2016-11-02 15:40:40 +0700, Robert Elz:
[...]
>   | If 'mktemp' were a POSIX standard utility, this wouldn't be an issue,
>   | but it's not, so it is.
> 
> mktemp certainly makes it easier (and more efficient) to create unique
> filenames (and is now ubiquitous enough that it probably ought be added)
> but it isn't required - locking can be done without it, and with locking
> a scheme can be written which creates files as needed (the lock file isn't
> the file ultimately to be created, just a lock - when the lock is owned,
> the script no longer needs atomic operations, it can test and create quite
> safely.)
[...]

You're looking at it from the point of view of locking. As you
say, ln or mkdir can be used for that instead.

set -C is often used as a way to create a temp file (a poor
man's mktemp). And as currently implemented it is not safe.

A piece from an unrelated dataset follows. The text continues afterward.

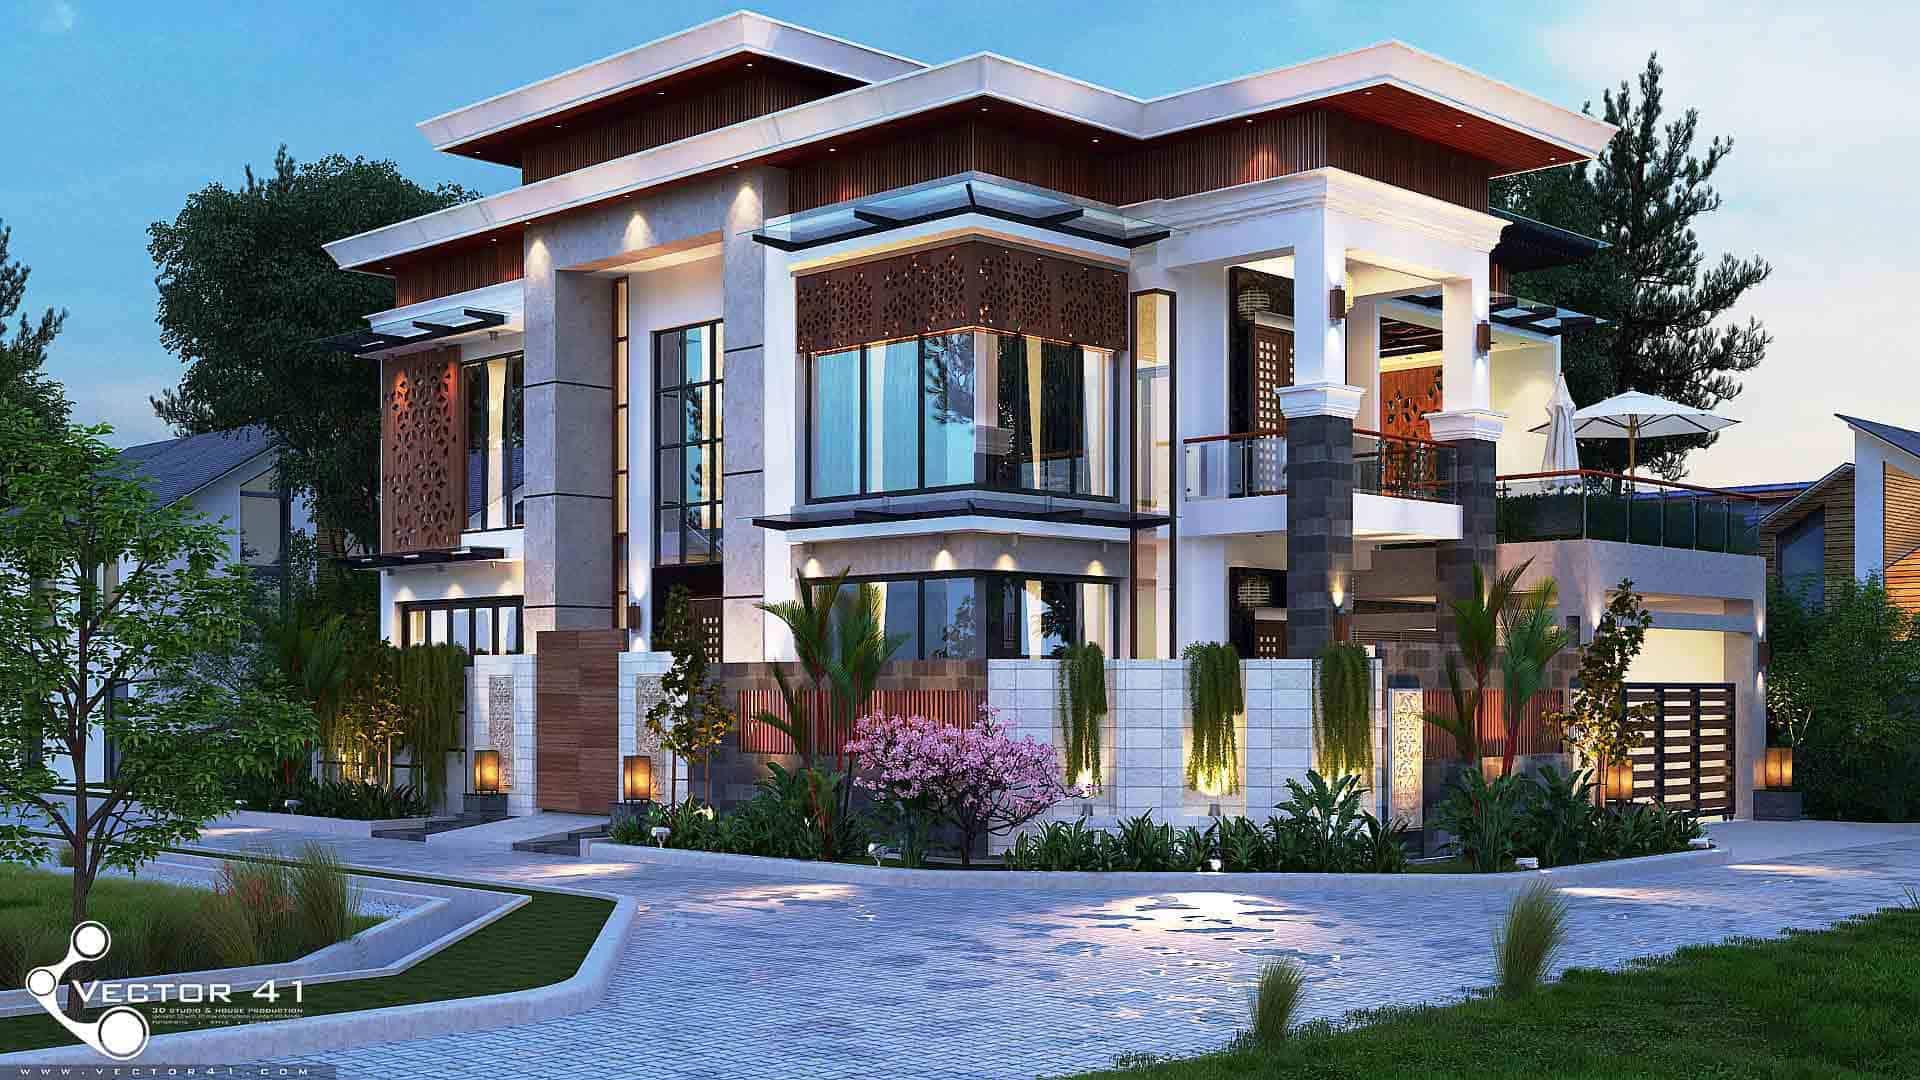 Desain Villa Model Villa Terbaru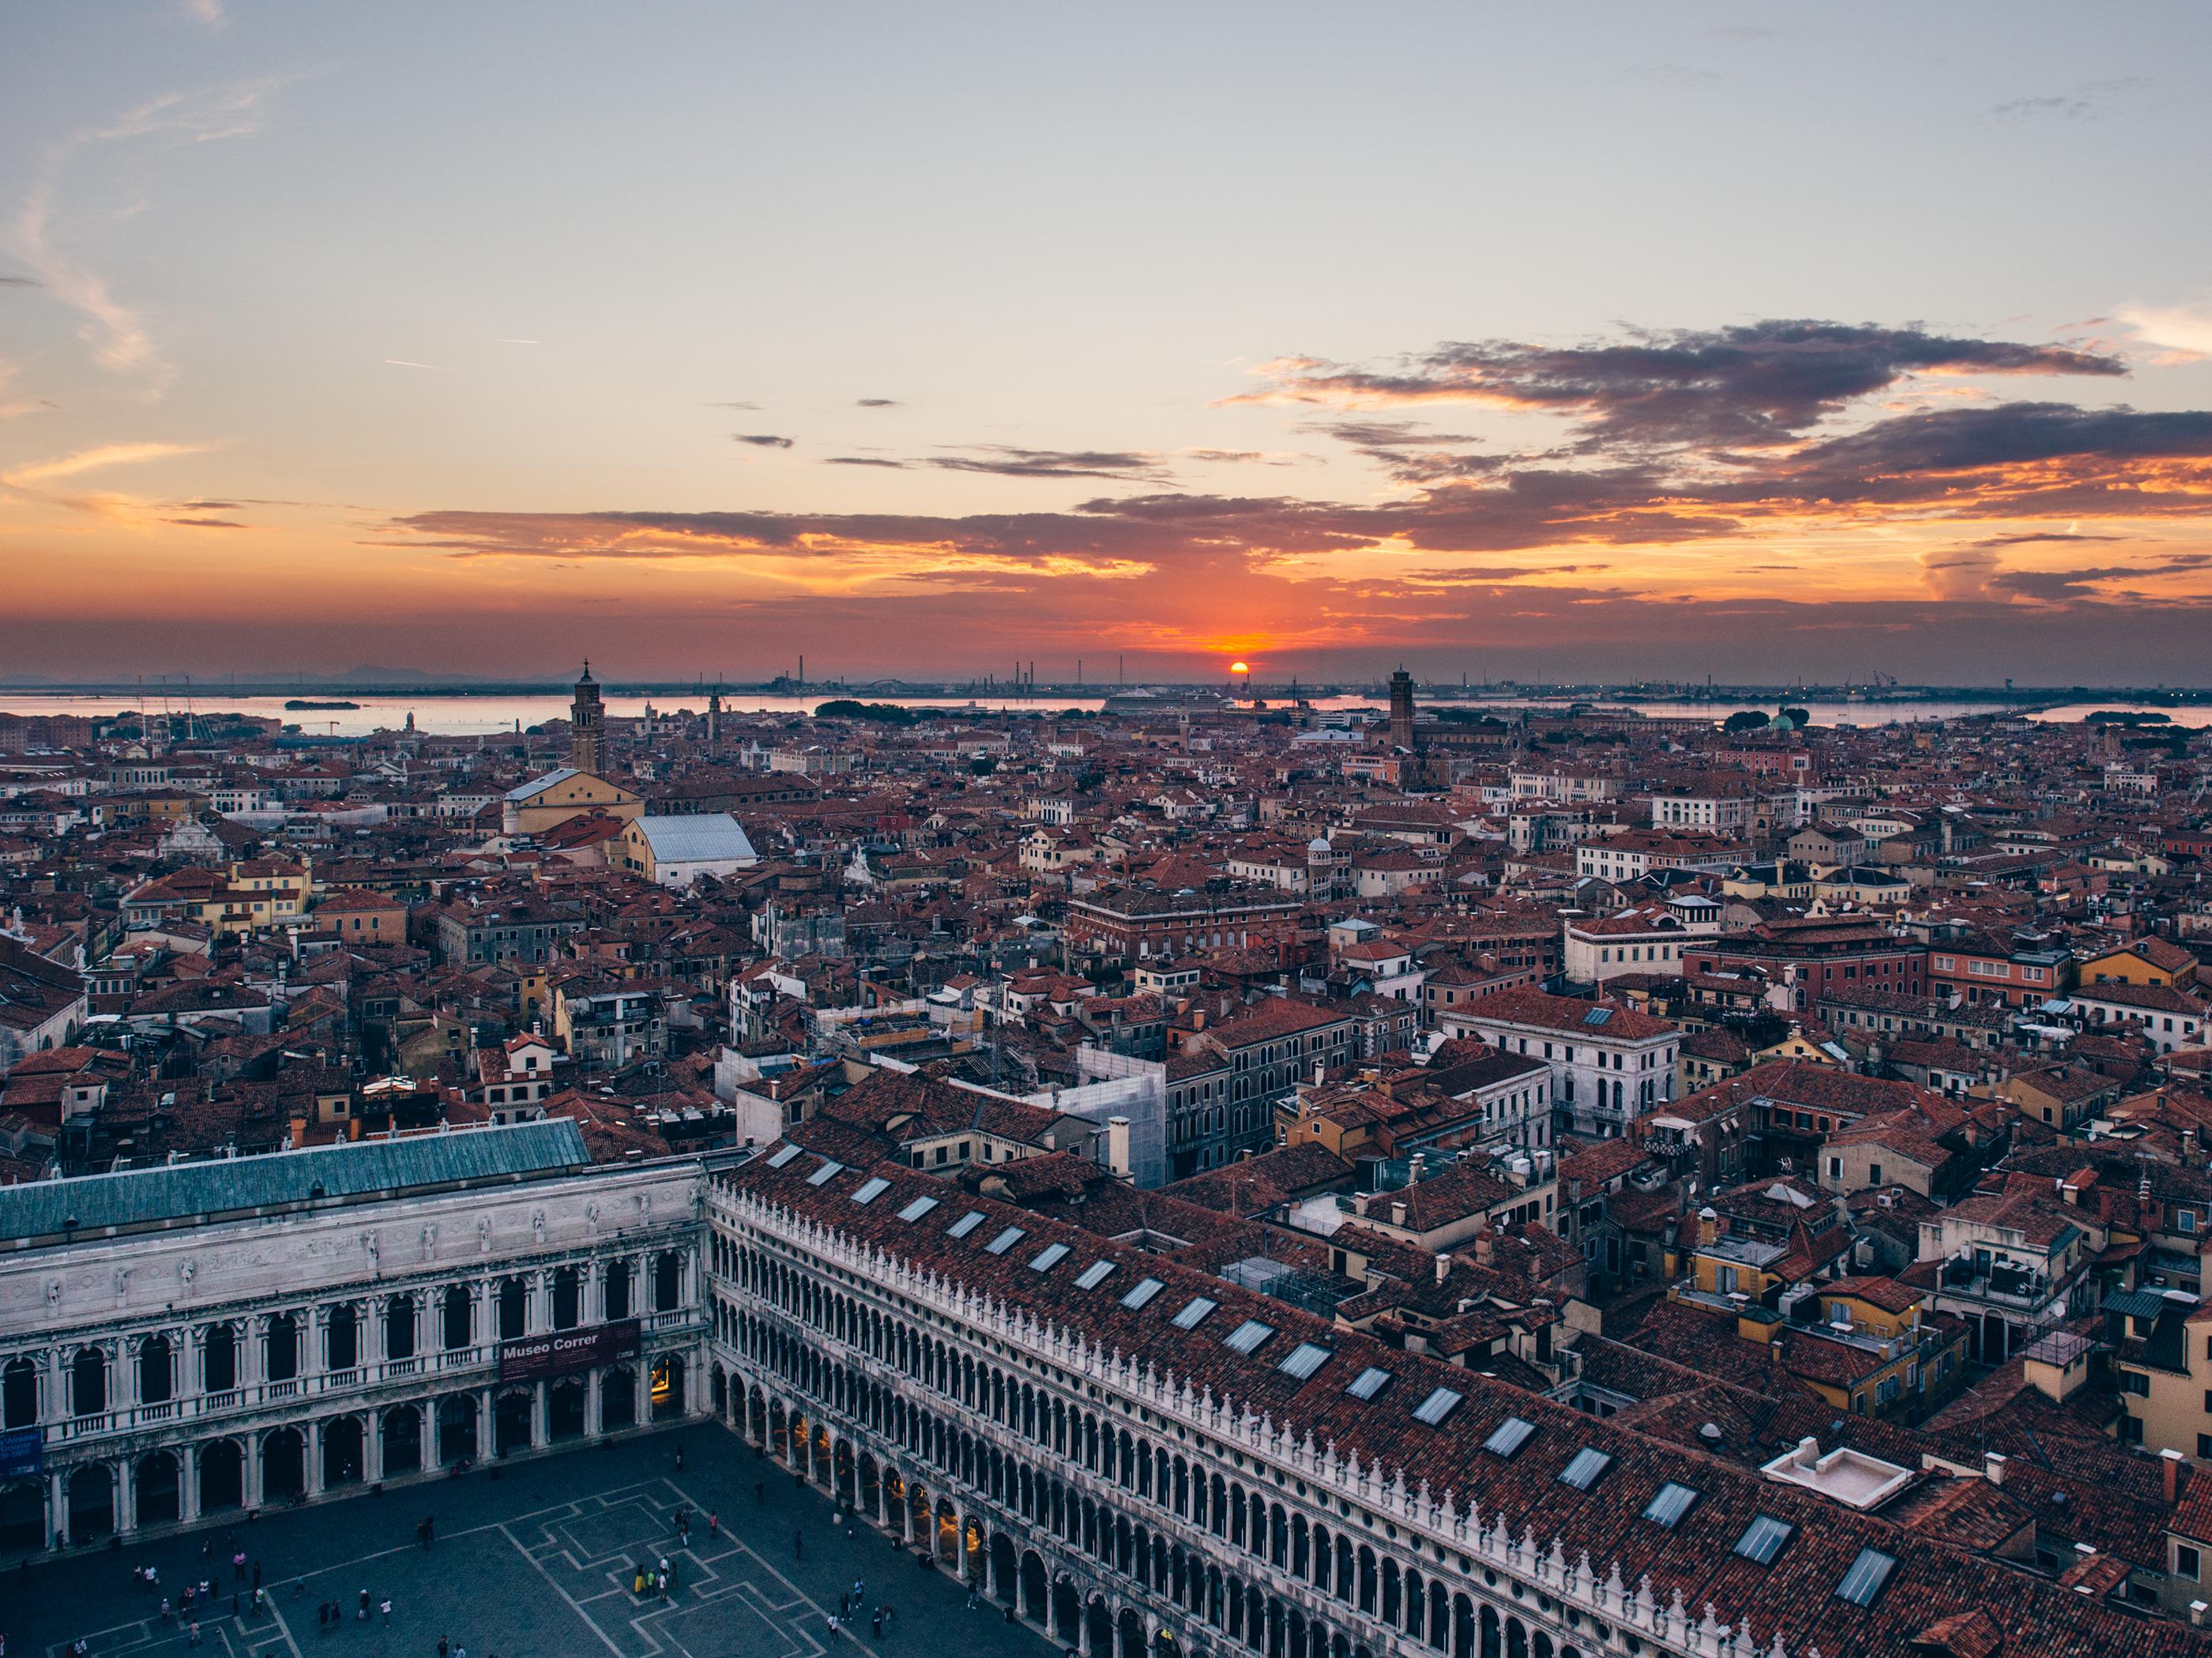 Venice Piazzo San Marco

A typical implementation of mktemp as a POSIX shell function is:

mktemp() {
  mktemp_prefix=${TMPDIR:-/tmp}/$1.$$
  mktemp_suffix=
  mktemp_fd=${2-1}

  case $- in
    (*C*) mktemp_restore=;;
    (*) mktemp_restore="set +C"; set -C;;
  esac

  mktemp_mask=$(umask)
  umask 077 || return

  mktemp_ret=0
  mktemp_n=0

  until
    REPLY=$mktemp_prefix$mktemp_suffix
    eval 'command exec '"$mktemp_fd"'<> "$REPLY"' 2> /dev/null &&
      [ -f "$REPLY" ] &&
      [ ! -L "$REPLY" ]
  do
    mktemp_n=$((mktemp_n + 1))
    if [ "$mktemp_n" -gt 20 ]; then
      echo >&2 "Unable to create a temp file after $mktemp_n attemps"
      eval "command exec $mktemp_fd>&-" 2> /dev/null
      REPLY=
      mktemp_ret=1
      break
    fi
    mktemp_suffix=.$mktemp_n
  done

  eval "$mktemp_restore"
  umask "$mktemp_mask"
  return "$mktemp_ret"
}

mktemp "${0##*/}.tmp" 3 || exit
echo test >&3
rm -f "$REPLY"


Here, the fact that set -C has an internal race condition
matters as much as the fact that it will happily open non-regular files.
Our [ -f "$REPLY" ] is also racy.

The race in set -C means an attacker can make you clobber any file, but
even if that race window is closed, that still means an attacker can
make you open or clobber any device/fifo file.

At the moment, there's no way (that I know) to create a temp file
reliably with POSIX utilities (though it may be possible to create a
temp dir reliably, which is generally a better idea than creating a temp
file in a world writable directory anyway).

Or IOW, rather than adding a O_NOCLOBBER open flag to fix that (not very
useful) "set -C", it would be more useful to add a proper shell
interface to O_EXCL.

One to O_NOFOLLOW (or to any arbitrary open flag supported by
the system as suggested in that zsh ML thread) would be welcome as well.